A role class may acquire the implementation for any of its (expected) methods by declaring a callout binding.

(a) Prerequisite: Class binding

A callout binding requires the enclosing class to be a role class bound to a base class according to §2.1. However, callout bindings are not allowed if the role is involved in base class circularity (see §2.1.2.(b)).

(b) Definition

A callout binding maps an abstract role method ("expected method") to a concrete base method ("provided method"). It may appear within the role class at any place where feature declarations are allowed. It is denoted by

expected_method_designator -> provided_method_designator;

The effect is that any call to the role method will be forwarded to the associated base object using the provided base method.

Example code (Callout):
1
team class Company {
2
  public class Employee playedBy Person {
3
    abstract String getIdentification();
4
    // callout binding see below...
5
  }
6
}

(c) Kinds of method designators

A method designator may either be a method name

4
getIdentification -> getName;

or a complete method signature including parameter declarations and return type declaration, but excluding any modifiers and declared exceptions.

4
String getIdentification() -> String getName();
Effects:
  • Line 4 declares a callout binding for the role method getIdentification(), providing an implementation for the abstract method defined in line 3.
  • In combination with the role binding in line 2 this has the following effect:
  • Any call to Employee.getIdentification is forwarded to the method Person.getName.

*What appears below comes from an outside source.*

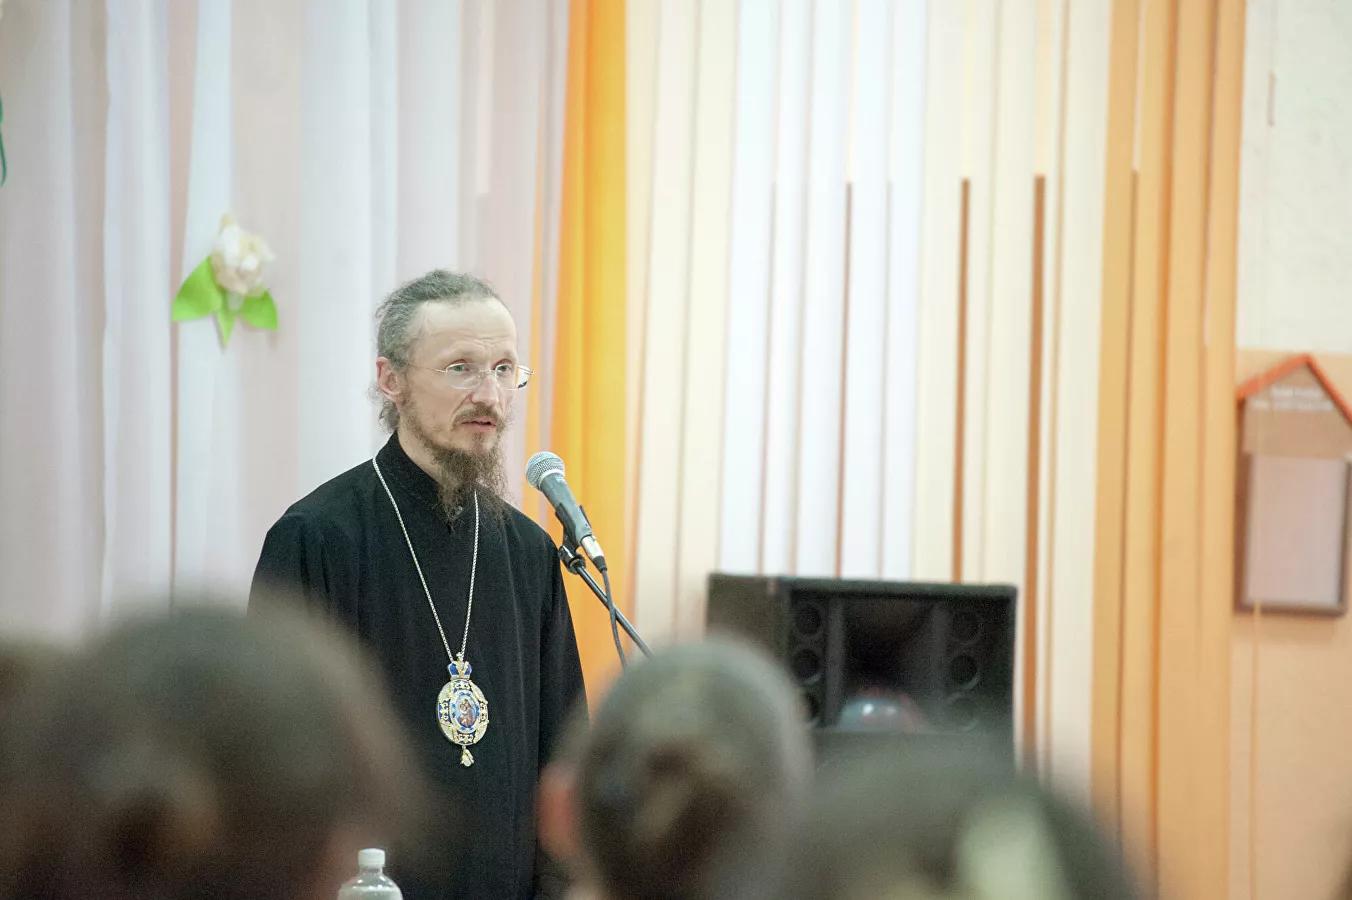 Епископ Борисовский и Марьингорский Вениамин.    CC BY-SA 4.0 / Яна Седова /

Both sides of a callout binding must use the same kind of designators, i.e., designators with and without signature may not be mixed.
Each method designator must uniquely select one method. If a method designator contains a signature this signature must match exactly with the signature of an existing method, i.e., no implicit conversions are applied for this matching. If overloading is involved, signatures must be used to disambiguate.

(d) Inheritance of role method declarations

The role method being bound by a callout may be declared in the same class as the binding or it may be inherited from a super class or super interface.

(e) Callout override

If an inherited role method is concrete, callout binding regarding this method must use the token "=>" instead of "->" in order to declare that this binding overrides an existing implementation.
Using the "=>" operator for an abstract method is an error.
It is also an error (and not useful anyway) to callout-bind a method that is implemented in the same class as the binding.

(f) Inheritance of callout bindings

Callout bindings are inherited along explicit and implicit inheritance. Inherited callout bindings can be overridden using "=>".

(g) Duplicate bindings

It is an error if a role class has multiple callout bindings for the same role method.

(h) Declared exceptions

It is an error if a base method to be bound by callout declares in its throws clause any exceptions that are not declared by the corresponding role method.

(i) Shorthand definition

A callout binding whose method designators specify full method signatures does not require an existing role method. If no role method is found matching the expected method of such a callout binding, a new method is implicitly generated. The new method is static iff the bound base method is static, and it declares the same exceptions as the bound base method.

A shorthand callout may optionally declare a visibility modifier, otherwise the generated method inherits the visibility modifier of the bound base method. No further modifiers are set. If a callout overrides an inherited method or callout, it must not reduce the visibility of the inherited method/callout.

(j) Inferred callout

If a non-abstract role class inherits an abstract method the compiler tries to infer a callout binding for implementing the abstract method. Similarly, if a self-call in a role class cannot be resolved, the compiler tries to infer a callout to resolve the self-call.
Inference searches for a method in the bound base class such that

  1. both methods have the same name
  2. both methods have the same number of arguments
  3. each argument of the abstract role method is compatible to the corresponding argument of the base method directly, or using boxing/unboxing or lowering.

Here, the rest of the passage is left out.